SERGE Dassault, who has died aged 93, was an aerospace magnate, arms industrialist and one of France’s richest men. He was especially known for the development of France’s Mirage jet fighters, as well as for equipping the French Air Force and other governments and militaries through global sales. He was chairman and CEO of the Dassault Group when he died, and president of honor of Dassault Aviation, which he once led.

Dassault was the son of Marcel Dassault, a survivor of the Nazi death camp at Buchenwald in Germany who founded the aviation company that would form the core of the group’s business.

Like his father, Serge Dassault also became a press baron and a politician. A conservative with views on the right, he entered politics in the 1980s, representing the Essonne region south of Paris in the French Senate from 2004 until last year. He also served as a regional counselor and mayor of the town of Corbeille-Essonnes for 14 years.

“Dassault marked the history of our country,” Senate President Gerard Larcher said in a statement.

Former conservative President Nicolas Sarkozy said that France lost a great industrialist and the aviation world a pioneer. “Me, I simply lose a friend,” Sarkozy said.

The March 2018 edition of Forbes ranked Dassault as having the fourth-largest fortune in France, worth 19 billion euros ($22.6 billion.)

He was fighting a 2017 tax fraud conviction and two million-euro fine over millions of euros he had kept outside of France. His defence lawyers said the financial arrangements were set up by Marcel Dassault during the 1950s. An appeals court hearing in the case was scheduled for next week.

In another affair, Dassault was handed preliminary charges in 2014 for alleged vote buying and complicity in illicitly financing an electoral campaign.

He was born Serge Bloch in Paris on April 4 1925, the second son of Marcel Bloch, who had founded his first aircraft company in 1928. During the Second World War, the family was held in internment. After the war, Marcel Bloch began to rebuild his business and changed the family name to Dassault.

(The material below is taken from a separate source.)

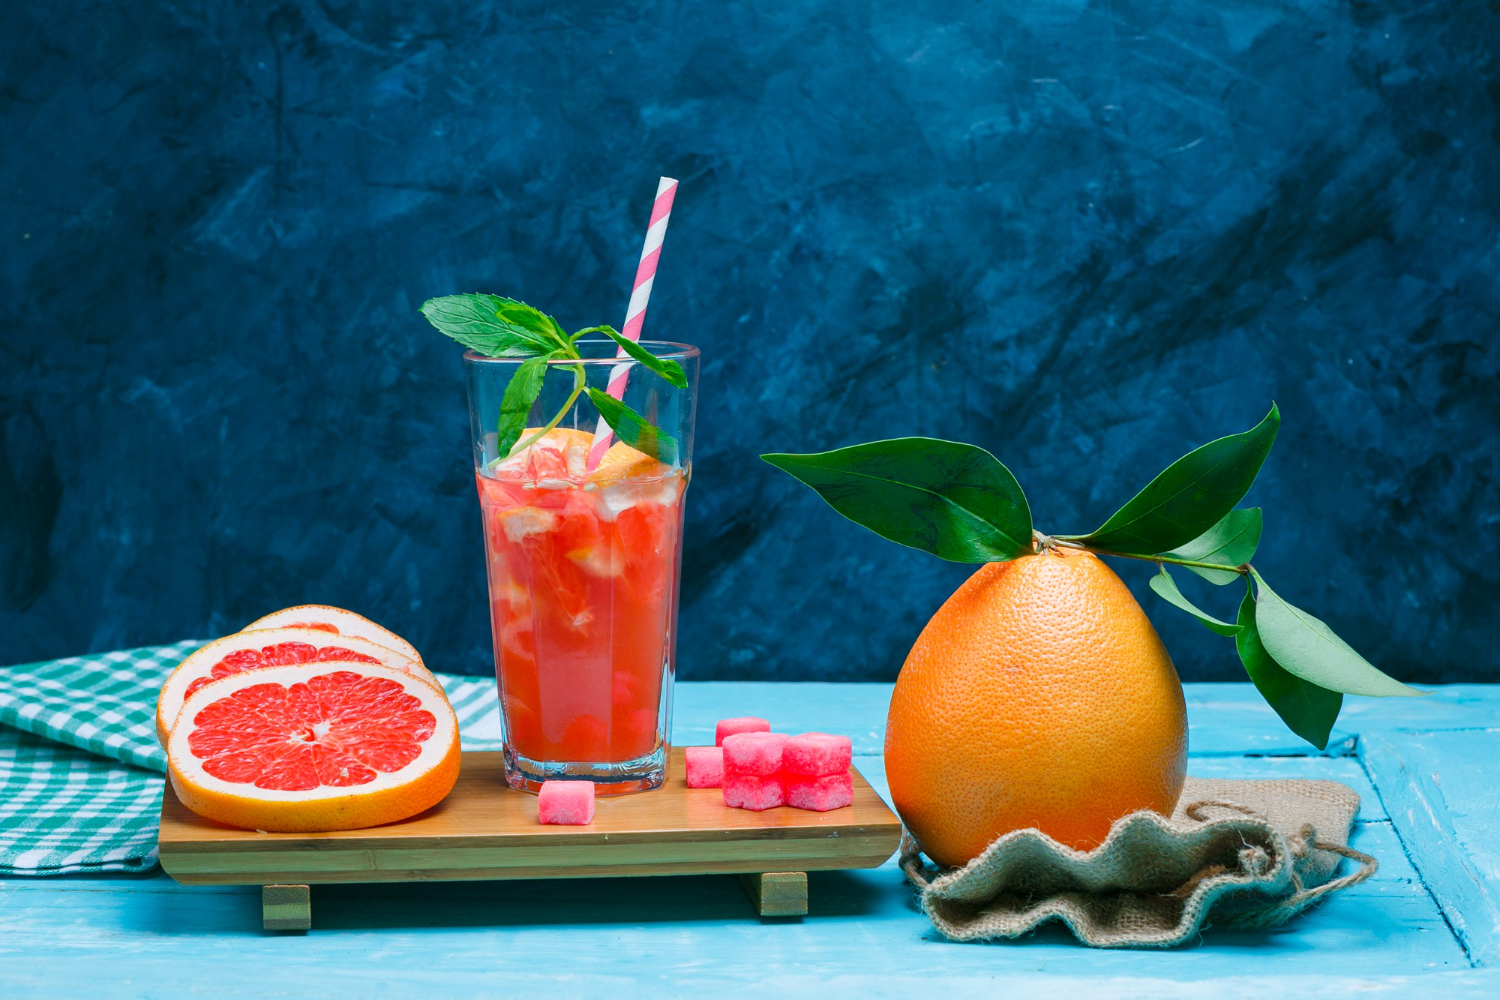 grapefruit drink with picnic cloth

Serge was educated at the Lycée Janson de Sailly, Paris, and the Ecole Nationale Superieure de l’Aeronautique, before joining the family business in the 1950s. It wasn't until his father's death in 1986 though that he was finally able to take over.

Away from work, his main hobby was shooting at his 2,000 acre estate at Rambouillet.

Dassault’s family announced his death in a brief statement to the conservative newspaper Le Figaro, which the Dassault Group owns. It said he died of a “cardiac deficiency” at the group’s office on the Champs-Elysees Avenue.

The office of President Emmanuel Macron praised a man who, he said, had consecrated his life to developing a flagship of French industry.

Survivors include his wife, Nicole, their daughter and three sons. The oldest son, Olivier, is a deputy in the national assembly.